Types of Inflation(Causes):
Demand Pull: rise in aggregate demand induces rise in prices
Cost Push: increase in costs of factor inputs is passed on to consumers as price increases
Imported: increase in costs of imported factor inputs and consumed goods rises and so local prices rise
Increase in money supply: monetarists(group of economists) attribute increased money supply to increased aggregate demand and economic activity which causes demand pull inflation
Consequences of Inflation:
Fall in real income: fall in purchasing power of money
Fall in international competitiveness: increased local prices make exports more expensive to foreigners
Social and political unrest and instability
Fall in economic growth and development
Creditors’ loss/ Borrowers’ gain: face value of previously-loaned money is now worth less now as prices have risen
Menu costs: costs incurred by businesses to republish and update their prices
Government Role in Reducing Inflation: (Identify cause then solution)
Demand-pull: Policies to reduce aggregate demand.
deflationary fiscal and monetary policy(credit squeeze)
Cost-push: Policies to make funds more-readily available to cover increased production cost.
inflationary fiscal policy(lowering corporate taxes and increasing gov. expenditure on subsidies and grants)
inflationary monetary policy(lowering reserve requirements & interest rates, and increasing open market operations to buy government securities from firms to make credit more accessible)
Regulation to limit power of Trade Unions to raise wages
Imported: Reduce imports and incentivize local production of goods needed from abroad.
Institute trade barriers & protectionist trade policies (e.g. tariffs, import quotas or complete ban on some imports)
expansionary fiscal policy(lowering corporate taxes and increasing gov. expenditure on subsidies and grants to promote local production)

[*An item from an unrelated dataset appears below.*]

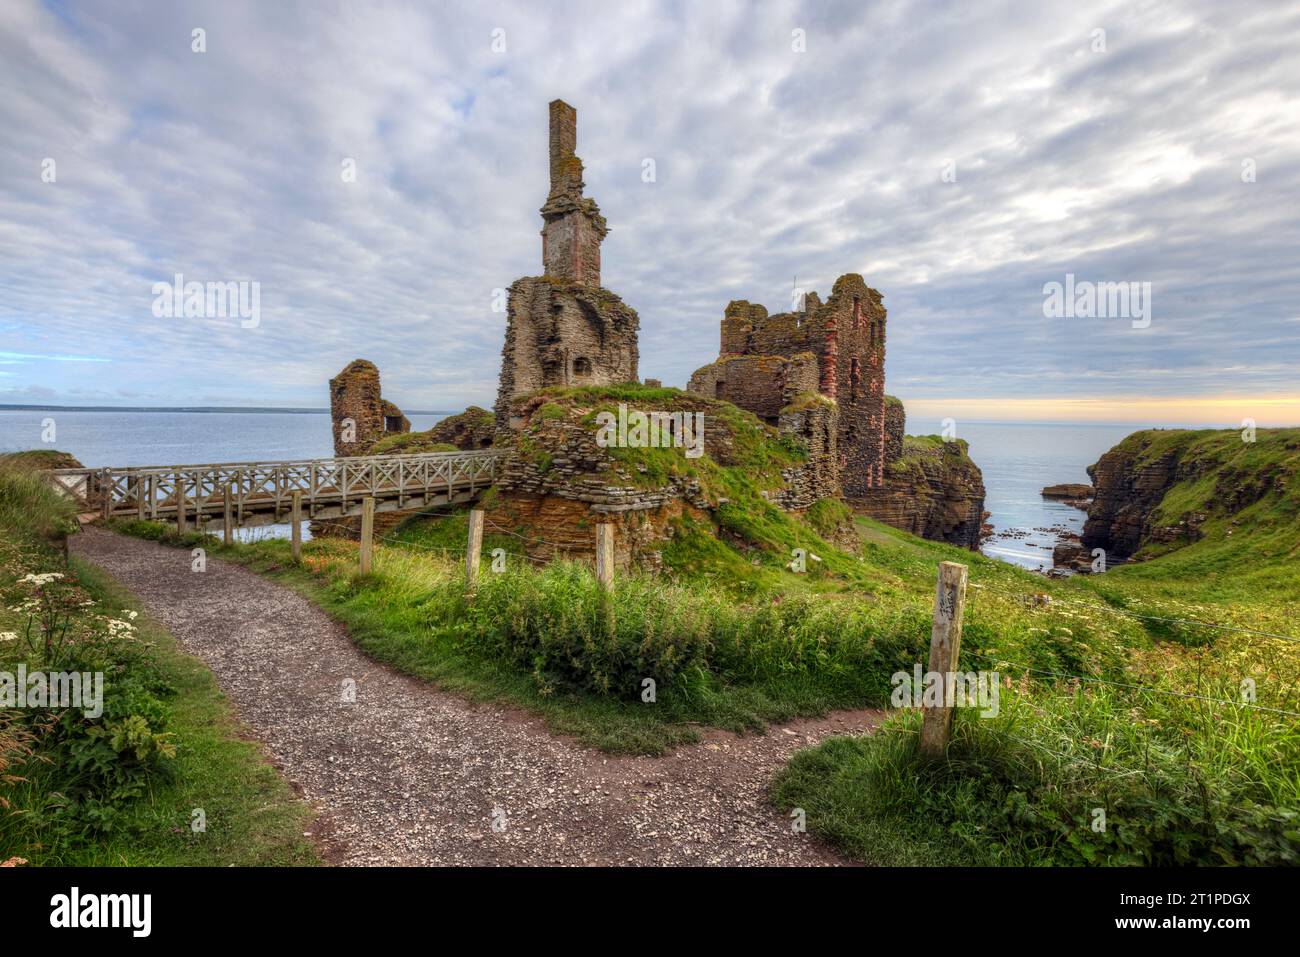 Castle Sinclair Girnigoe est un château en ruine situé sur une falaise surplombant la ville de Wick à Caithness, en Écosse. Banque D'Images

Increase in money supply: Reduce funds available for consumption.
deflationary monetary policy(increasing reserve requirements & interest rates, and increasing open market operations to sell government securities to make credit less accessible,)
deflationary fiscal policy(increasing corporate taxes and decreasing gov. expenditure on subsidies and grants)
credit squeeze
Recession
A significant and prolonged decrease in economic activity within an economy for a given period (usually years).
Types/Causes of Recession:
Trade Cycle(image attached)
Demand shock
Supply shock
Consequences of recession:
Fall in economic growth and development
Retrenchment and unemployment
Decreased consumer spending
Decreased investment by firms and individuals
Decreased revenue for government
Government Role in Decreasing Recession:
Expansionary/Inflationary fiscal policy(lowering overall taxes and increasing gov. expenditure, subsidies, grants and transfer policies)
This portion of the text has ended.